You should see how the Kmeans algorithm works . At first, stop words never reach vectorized , so vectorized are completely ignored and have no effect on how document clusters are. Now suppose you have:
sentence_list=["word1", "word2", "word2 word3"]
Let's say you need 2 clusters. In this case, you expect the second and third documents to be in the same cluster, because they have a common word.

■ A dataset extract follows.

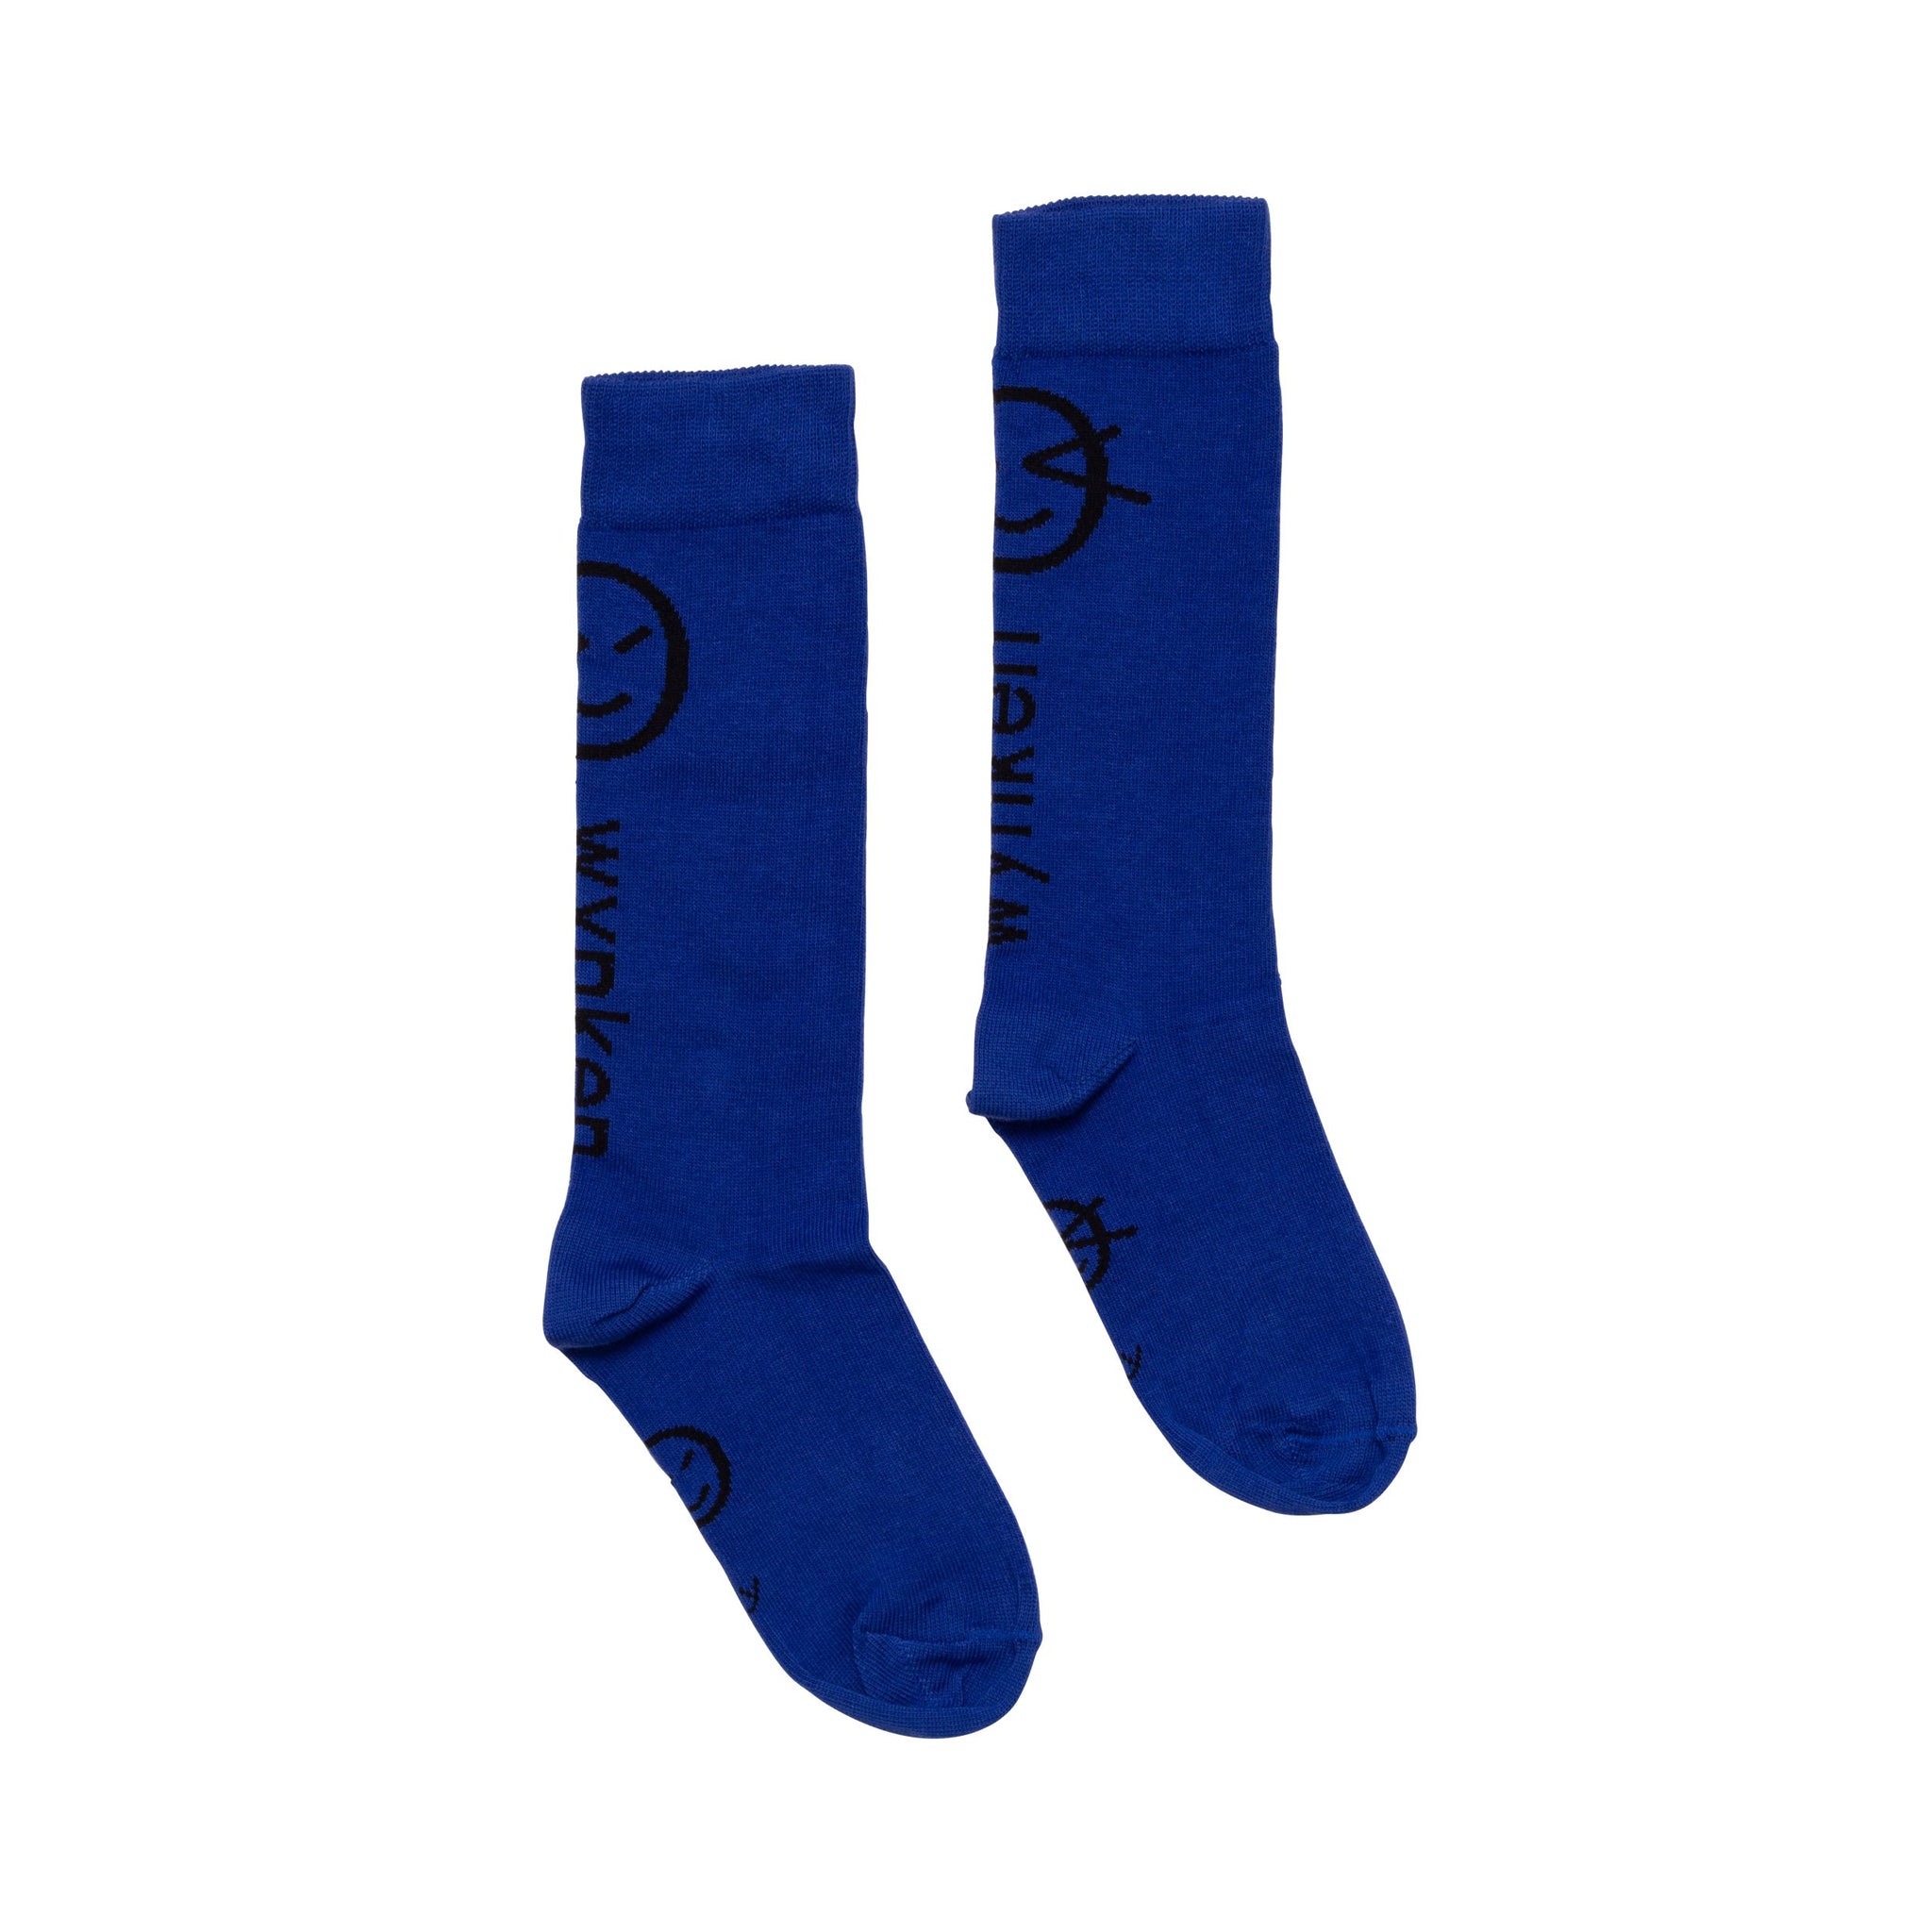 Wynken Sock - Blue

Let's see how this happens.
The numerical representation of vectorized documents looks like this:
word1 word3 word2 1 0.000000 0.000000 # doc 1 0 1.000000 0.000000 # doc 2 0 0.605349 0.795961 # doc 3
At the first Kmeans stage, some centroids are randomly selected from the data, for example, document 1 and document 3 will be the initial centroids:
Centroid 1: [1, 0.000000, 0.000000] Centroid 2: [0, 0.605349, 0.795961]
Now, if you count the distances from each point (document) to each of the two centroids, you will see that:
- document 1 has a distance from 0 to centroid 1, so it refers to centroid 1
- document 3 has a distance from 0 to centroid 2, so it refers to centroid 2
Finally, we calculate the distance between the remaining document 2 and each centroid to find out which one belongs to:
>>> from scipy.spatial.distance import euclidean >>> euclidean([0, 1, 0], [1, 0, 0]) # dist(doc2, centroid1) 1.4142135623730951 >>> euclidean([0, 1, 0], [0, 0.605349, 0.795961]) # dist(doc2, centroid2) 0.8884272507056005
So, the second and second centroids are closer, which means that the second document is assigned to the second centroid.